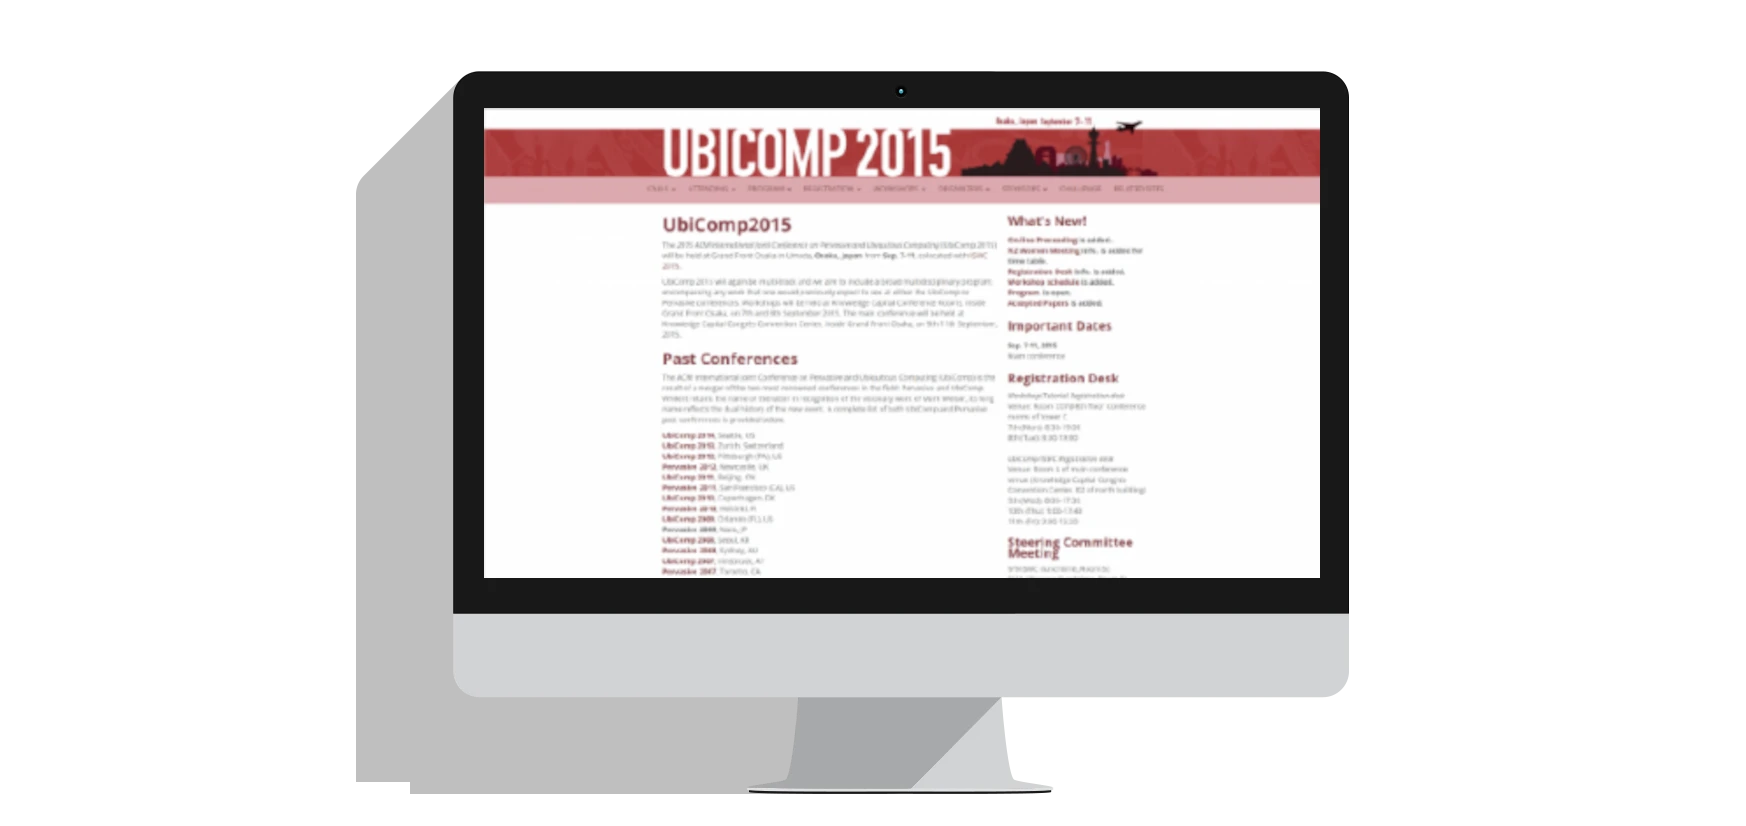 UBICOMP2015
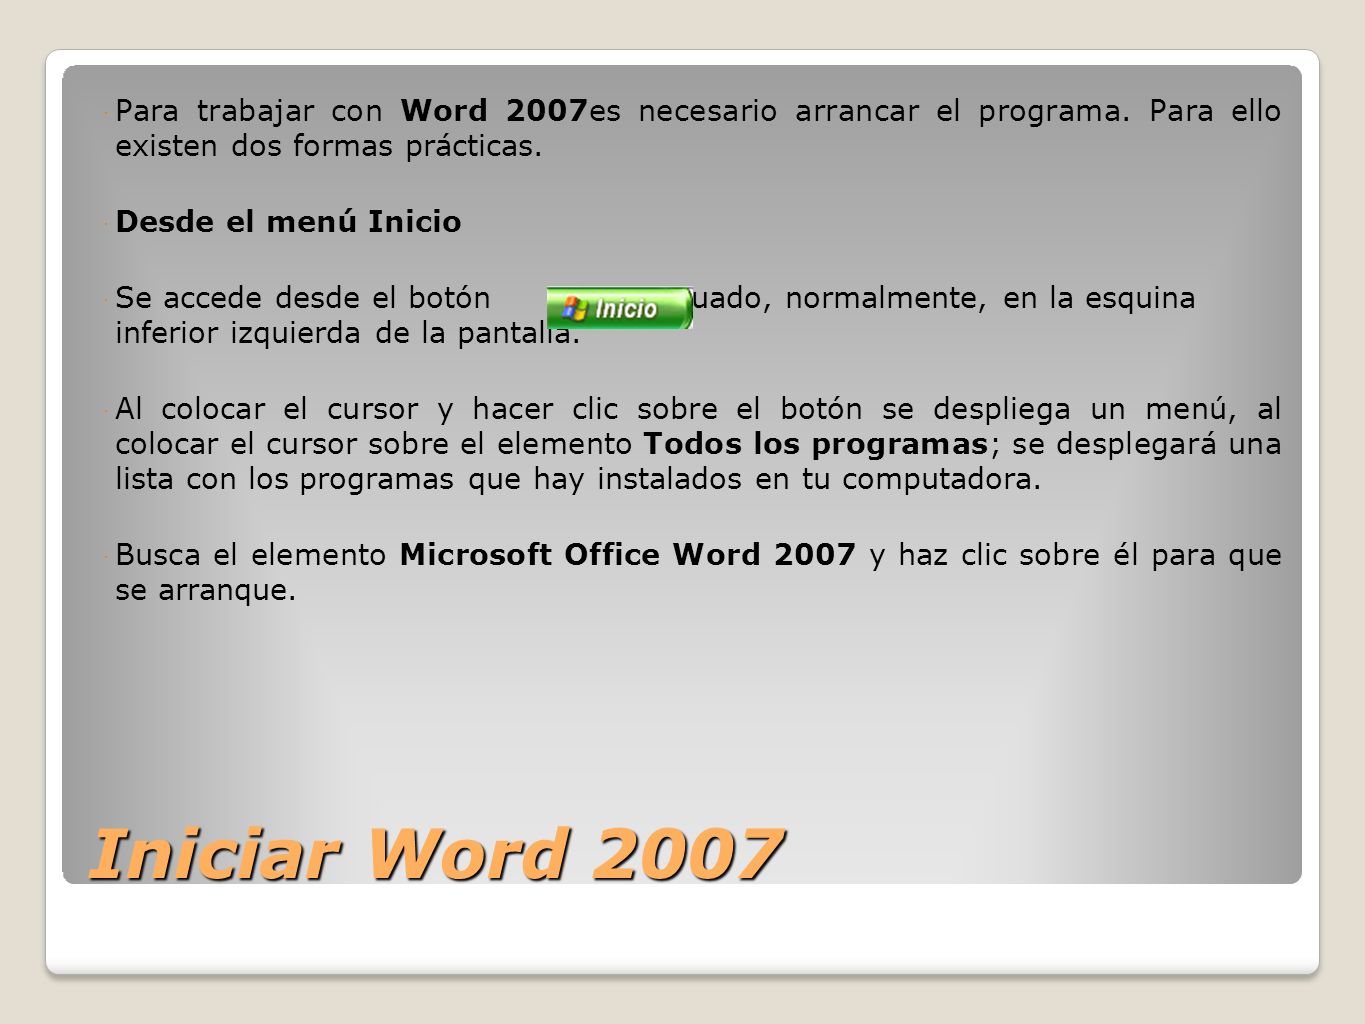 Para trabajar con Word 2007es necesario arrancar el programa
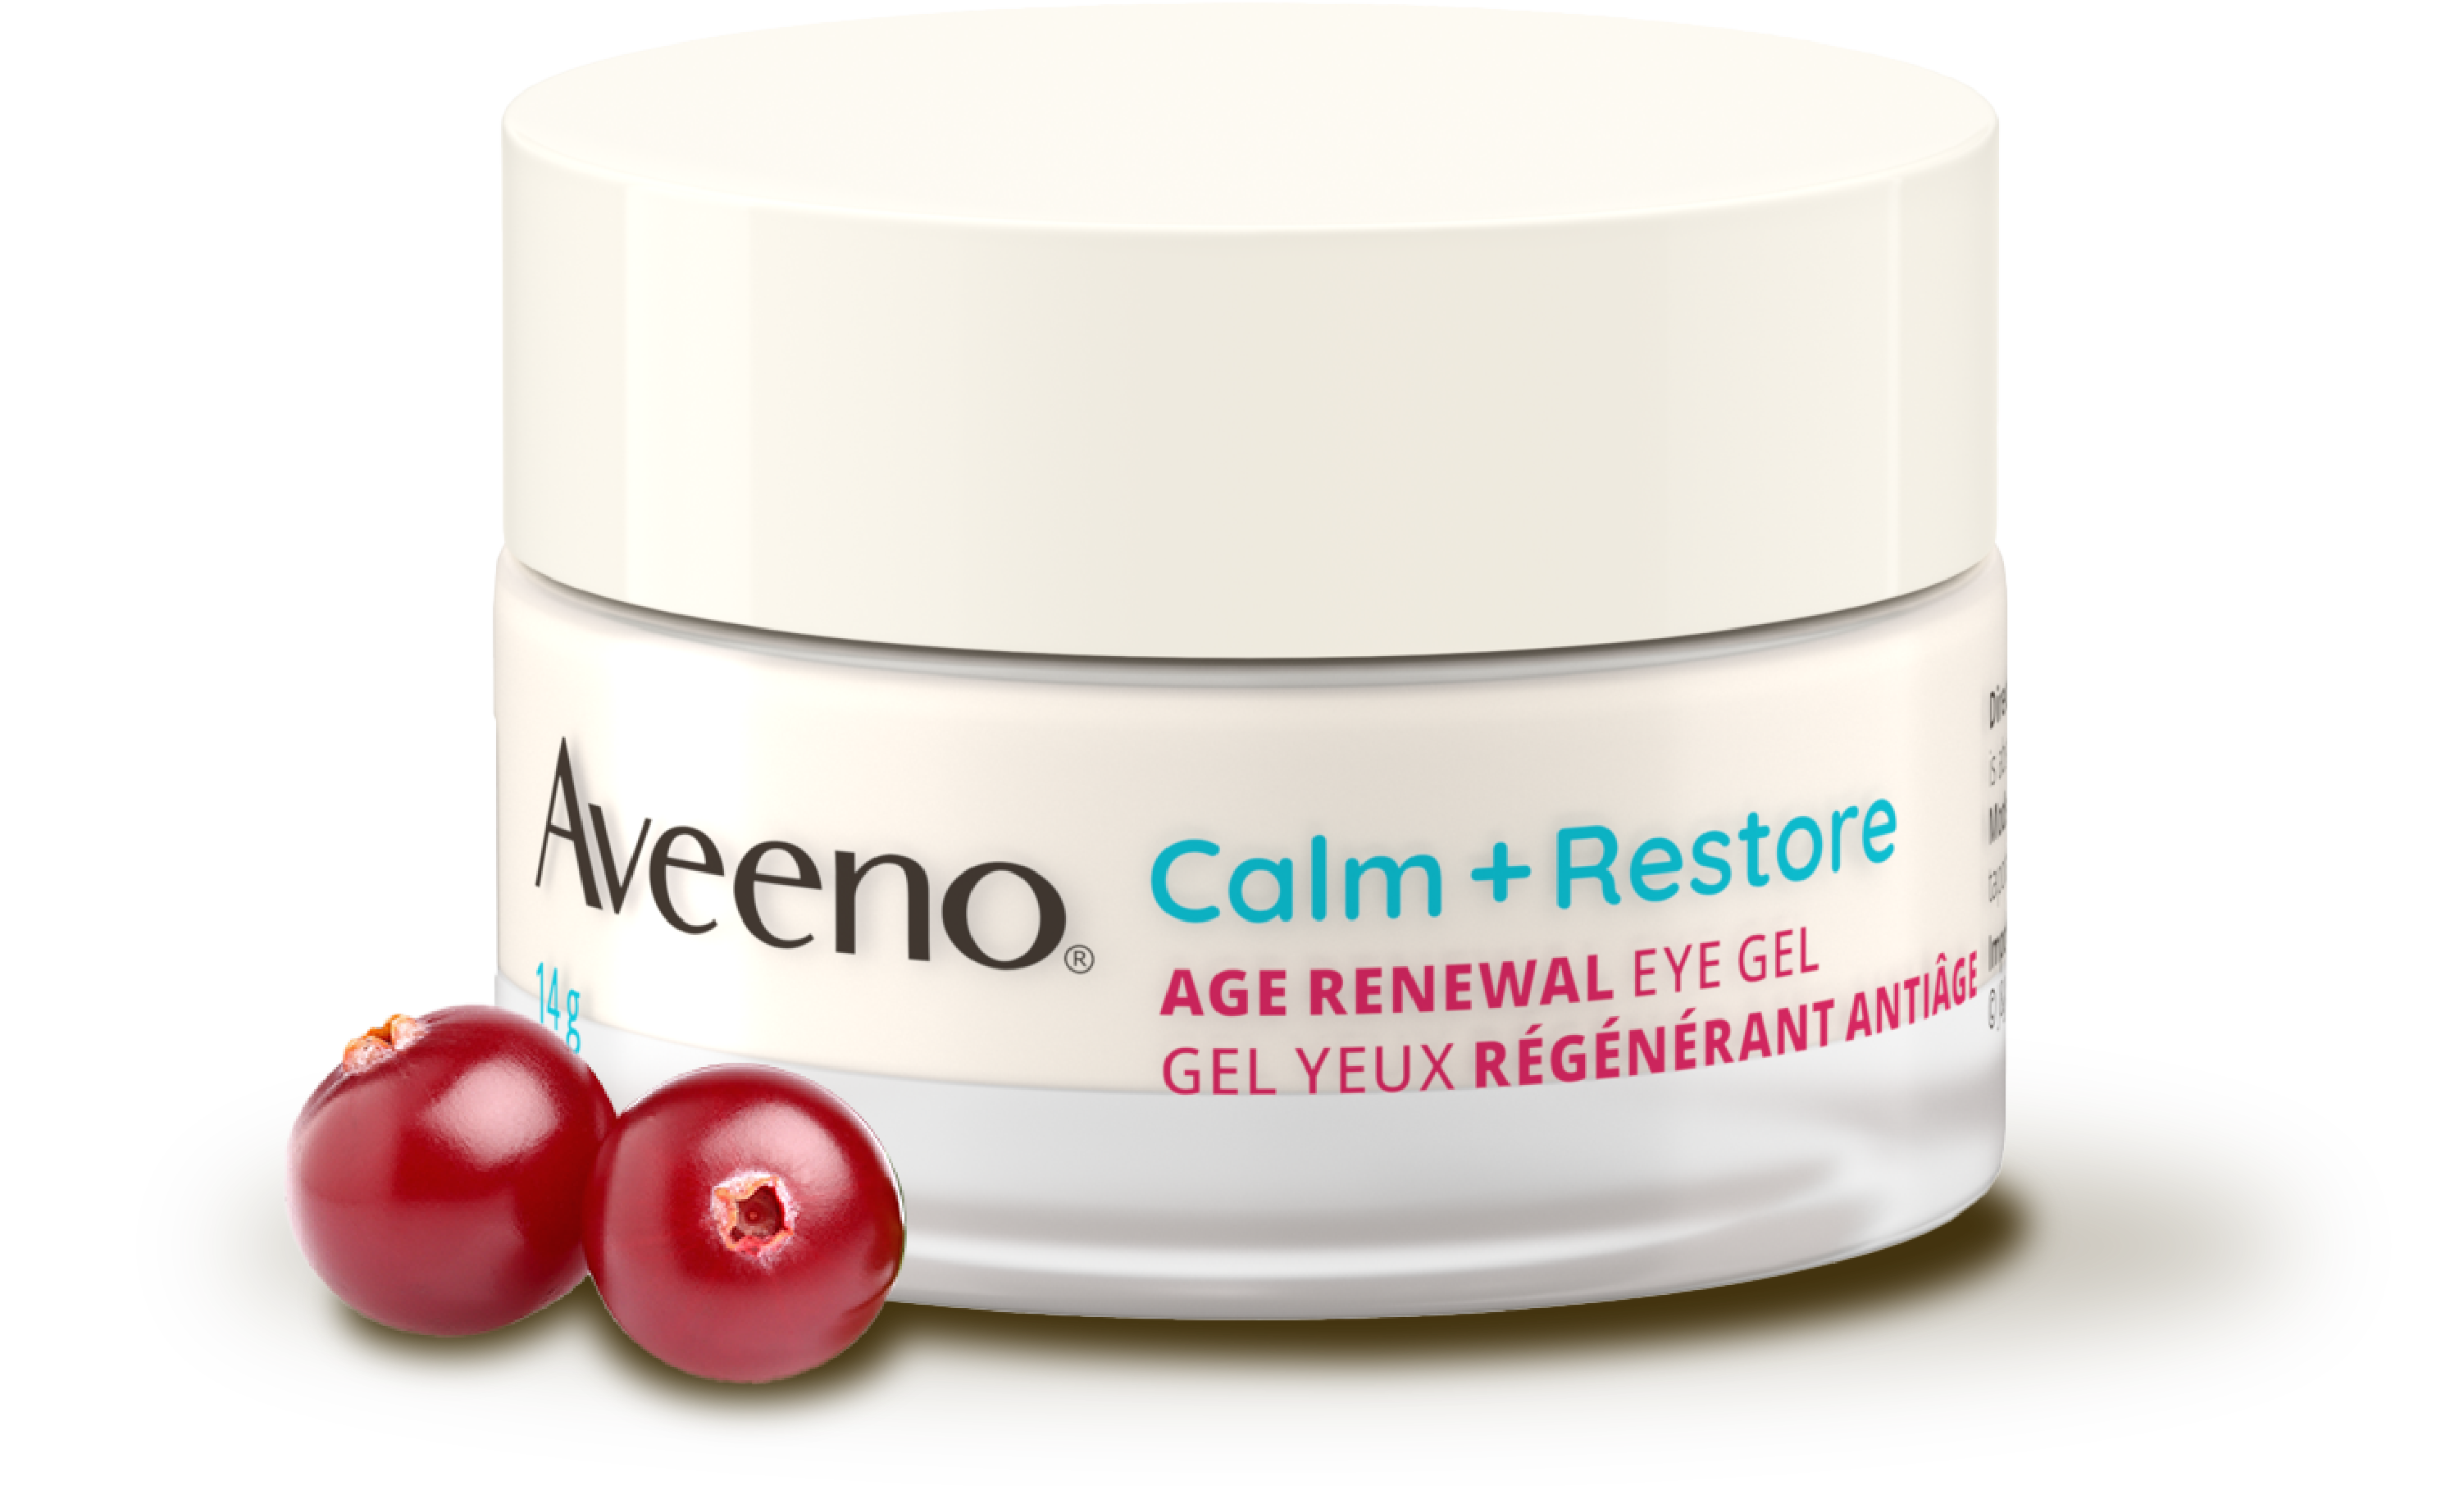 Aveeno Age Renewal 眼霜: 用這款永恒嘅美容解決方案讓您的眼煥發活力。 明顯減少細紋和皺紋，同時舒緩和滋養嬌嫩的眼部區域。
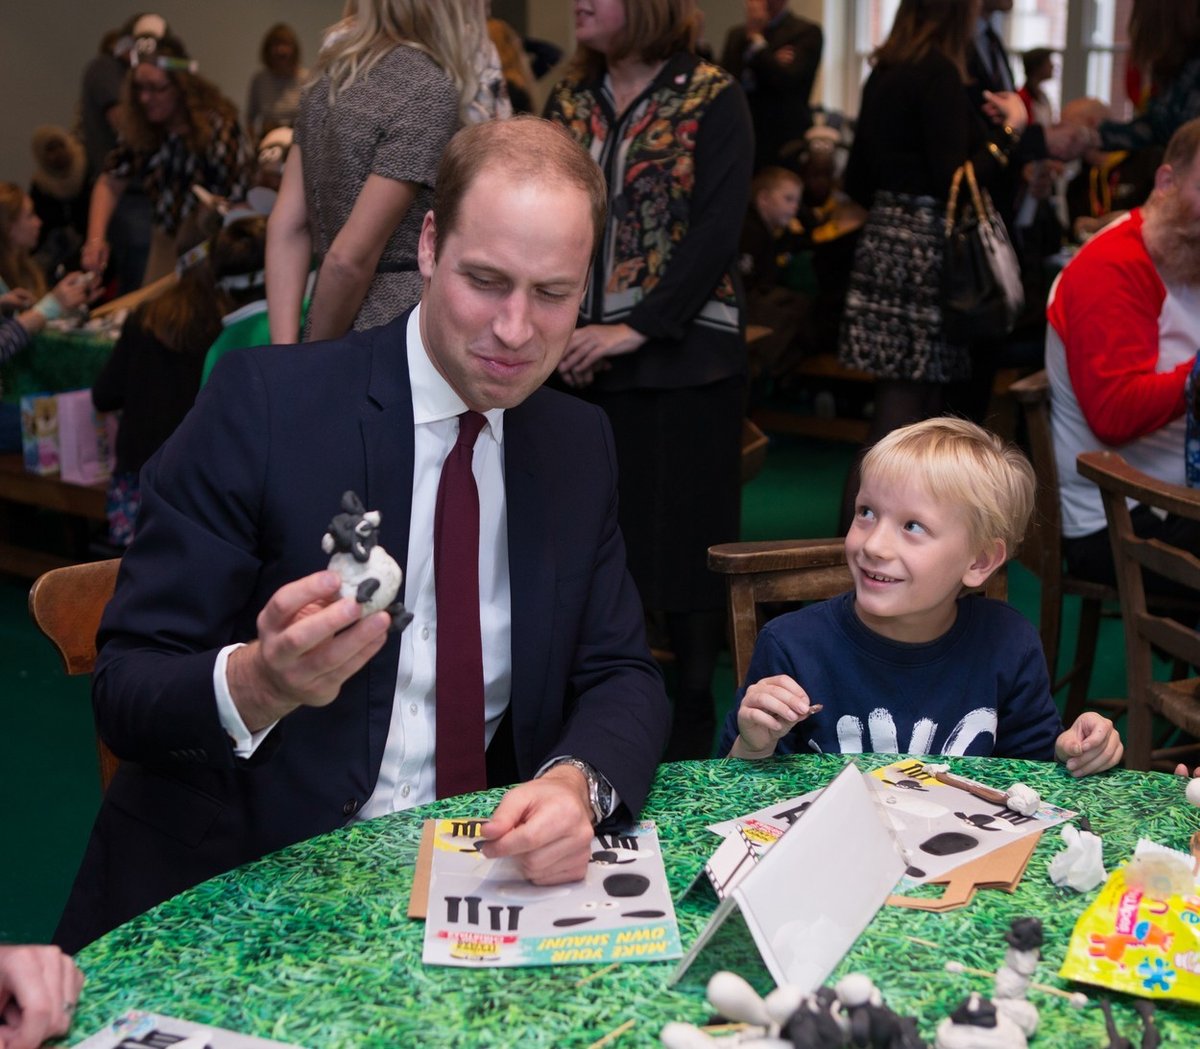 Vévodkyně Kate a královští bratři William a Harry se zúčastnili charitativní akce s dětmi u příležitosti premiéry nového filmu o ovečce Shaun.
◆ ◆ ◆
» Task item
Once the pictures are set aside, give every line above again without alteration.

» Written answer
 UBICOMP2015
 Para trabajar con Word 2007es necesario arrancar el programa
 Aveeno Age Renewal 眼霜: 用這款永恒嘅美容解決方案讓您的眼煥發活力。 明顯減少細紋和皺紋，同時舒緩和滋養嬌嫩的眼部區域。
 Vévodkyně Kate a královští bratři William a Harry se zúčastnili charitativní akce s dětmi u příležitosti premiéry nového filmu o ovečce Shaun.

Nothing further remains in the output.